Please reproduce the entries that follow, keeping each word intact.
━━ Material provided ━━
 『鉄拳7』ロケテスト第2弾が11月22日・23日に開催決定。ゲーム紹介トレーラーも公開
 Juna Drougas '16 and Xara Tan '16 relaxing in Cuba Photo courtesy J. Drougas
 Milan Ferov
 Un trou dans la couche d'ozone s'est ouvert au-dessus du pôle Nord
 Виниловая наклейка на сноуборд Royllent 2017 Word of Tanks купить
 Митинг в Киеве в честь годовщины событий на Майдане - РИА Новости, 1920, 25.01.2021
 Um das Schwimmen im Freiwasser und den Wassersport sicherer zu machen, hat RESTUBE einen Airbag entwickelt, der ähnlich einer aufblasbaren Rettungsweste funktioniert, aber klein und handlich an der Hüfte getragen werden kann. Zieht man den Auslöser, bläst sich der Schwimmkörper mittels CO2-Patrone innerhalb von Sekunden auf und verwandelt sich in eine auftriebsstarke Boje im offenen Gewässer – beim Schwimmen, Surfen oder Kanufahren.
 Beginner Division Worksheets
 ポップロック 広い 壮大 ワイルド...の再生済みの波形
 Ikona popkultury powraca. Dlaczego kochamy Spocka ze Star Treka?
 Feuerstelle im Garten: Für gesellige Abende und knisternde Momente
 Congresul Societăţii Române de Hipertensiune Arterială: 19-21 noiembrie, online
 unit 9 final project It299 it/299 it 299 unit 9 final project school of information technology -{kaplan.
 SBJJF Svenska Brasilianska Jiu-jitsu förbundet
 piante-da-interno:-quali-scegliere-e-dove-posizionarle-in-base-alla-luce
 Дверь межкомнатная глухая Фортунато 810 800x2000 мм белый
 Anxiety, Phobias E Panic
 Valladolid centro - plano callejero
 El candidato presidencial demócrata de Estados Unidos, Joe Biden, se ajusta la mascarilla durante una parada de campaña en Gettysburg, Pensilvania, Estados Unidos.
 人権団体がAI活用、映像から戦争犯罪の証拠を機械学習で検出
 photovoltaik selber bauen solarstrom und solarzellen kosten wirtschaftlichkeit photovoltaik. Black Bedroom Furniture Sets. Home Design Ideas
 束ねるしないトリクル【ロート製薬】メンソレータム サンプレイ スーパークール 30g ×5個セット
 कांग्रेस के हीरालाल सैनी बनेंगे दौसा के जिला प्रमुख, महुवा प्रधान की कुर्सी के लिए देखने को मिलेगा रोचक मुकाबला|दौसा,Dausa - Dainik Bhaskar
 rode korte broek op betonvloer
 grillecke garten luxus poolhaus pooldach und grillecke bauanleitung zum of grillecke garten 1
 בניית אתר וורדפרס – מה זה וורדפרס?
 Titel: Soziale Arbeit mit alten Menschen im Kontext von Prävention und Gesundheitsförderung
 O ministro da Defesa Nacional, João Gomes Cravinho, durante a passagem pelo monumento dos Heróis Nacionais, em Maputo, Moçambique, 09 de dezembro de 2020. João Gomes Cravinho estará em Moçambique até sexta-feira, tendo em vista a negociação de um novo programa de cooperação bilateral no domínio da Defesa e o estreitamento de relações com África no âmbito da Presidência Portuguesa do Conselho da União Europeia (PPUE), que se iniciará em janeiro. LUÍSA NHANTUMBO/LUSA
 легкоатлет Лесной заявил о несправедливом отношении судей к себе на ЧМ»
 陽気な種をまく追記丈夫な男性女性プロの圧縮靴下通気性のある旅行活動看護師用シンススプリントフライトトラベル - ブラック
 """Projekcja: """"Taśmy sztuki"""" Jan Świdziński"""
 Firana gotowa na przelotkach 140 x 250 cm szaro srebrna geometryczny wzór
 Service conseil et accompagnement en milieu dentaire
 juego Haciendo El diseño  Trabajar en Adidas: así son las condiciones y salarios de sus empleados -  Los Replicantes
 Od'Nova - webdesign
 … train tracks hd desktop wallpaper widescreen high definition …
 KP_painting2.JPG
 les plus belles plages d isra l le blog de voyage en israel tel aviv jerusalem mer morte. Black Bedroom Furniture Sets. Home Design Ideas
━━━
● Response below
 『鉄拳7』ロケテスト第2弾が11月22日・23日に開催決定。ゲーム紹介トレーラーも公開
 Juna Drougas '16 and Xara Tan '16 relaxing in Cuba Photo courtesy J. Drougas
 Milan Ferov
 Un trou dans la couche d'ozone s'est ouvert au-dessus du pôle Nord
 Виниловая наклейка на сноуборд Royllent 2017 Word of Tanks купить
 Митинг в Киеве в честь годовщины событий на Майдане - РИА Новости, 1920, 25.01.2021
 Um das Schwimmen im Freiwasser und den Wassersport sicherer zu machen, hat RESTUBE einen Airbag entwickelt, der ähnlich einer aufblasbaren Rettungsweste funktioniert, aber klein und handlich an der Hüfte getragen werden kann. Zieht man den Auslöser, bläst sich der Schwimmkörper mittels CO2-Patrone innerhalb von Sekunden auf und verwandelt sich in eine auftriebsstarke Boje im offenen Gewässer – beim Schwimmen, Surfen oder Kanufahren.
 Beginner Division Worksheets
 ポップロック 広い 壮大 ワイルド...の再生済みの波形
 Ikona popkultury powraca. Dlaczego kochamy Spocka ze Star Treka?
 Feuerstelle im Garten: Für gesellige Abende und knisternde Momente
 Congresul Societăţii Române de Hipertensiune Arterială: 19-21 noiembrie, online
 unit 9 final project It299 it/299 it 299 unit 9 final project school of information technology -{kaplan.
 SBJJF Svenska Brasilianska Jiu-jitsu förbundet
 piante-da-interno:-quali-scegliere-e-dove-posizionarle-in-base-alla-luce
 Дверь межкомнатная глухая Фортунато 810 800x2000 мм белый
 Anxiety, Phobias E Panic
 Valladolid centro - plano callejero
 El candidato presidencial demócrata de Estados Unidos, Joe Biden, se ajusta la mascarilla durante una parada de campaña en Gettysburg, Pensilvania, Estados Unidos.
 人権団体がAI活用、映像から戦争犯罪の証拠を機械学習で検出
 photovoltaik selber bauen solarstrom und solarzellen kosten wirtschaftlichkeit photovoltaik. Black Bedroom Furniture Sets. Home Design Ideas
 束ねるしないトリクル【ロート製薬】メンソレータム サンプレイ スーパークール 30g ×5個セット
 कांग्रेस के हीरालाल सैनी बनेंगे दौसा के जिला प्रमुख, महुवा प्रधान की कुर्सी के लिए देखने को मिलेगा रोचक मुकाबला|दौसा,Dausa - Dainik Bhaskar
 rode korte broek op betonvloer
 grillecke garten luxus poolhaus pooldach und grillecke bauanleitung zum of grillecke garten 1
 בניית אתר וורדפרס – מה זה וורדפרס?
 Titel: Soziale Arbeit mit alten Menschen im Kontext von Prävention und Gesundheitsförderung
 O ministro da Defesa Nacional, João Gomes Cravinho, durante a passagem pelo monumento dos Heróis Nacionais, em Maputo, Moçambique, 09 de dezembro de 2020. João Gomes Cravinho estará em Moçambique até sexta-feira, tendo em vista a negociação de um novo programa de cooperação bilateral no domínio da Defesa e o estreitamento de relações com África no âmbito da Presidência Portuguesa do Conselho da União Europeia (PPUE), que se iniciará em janeiro. LUÍSA NHANTUMBO/LUSA
 легкоатлет Лесной заявил о несправедливом отношении судей к себе на ЧМ»
 陽気な種をまく追記丈夫な男性女性プロの圧縮靴下通気性のある旅行活動看護師用シンススプリントフライトトラベル - ブラック
 """Projekcja: """"Taśmy sztuki"""" Jan Świdziński"""
 Firana gotowa na przelotkach 140 x 250 cm szaro srebrna geometryczny wzór
 Service conseil et accompagnement en milieu dentaire
 juego Haciendo El diseño  Trabajar en Adidas: así son las condiciones y salarios de sus empleados -  Los Replicantes
 Od'Nova - webdesign
 … train tracks hd desktop wallpaper widescreen high definition …
 KP_painting2.JPG
 les plus belles plages d isra l le blog de voyage en israel tel aviv jerusalem mer morte. Black Bedroom Furniture Sets. Home Design Ideas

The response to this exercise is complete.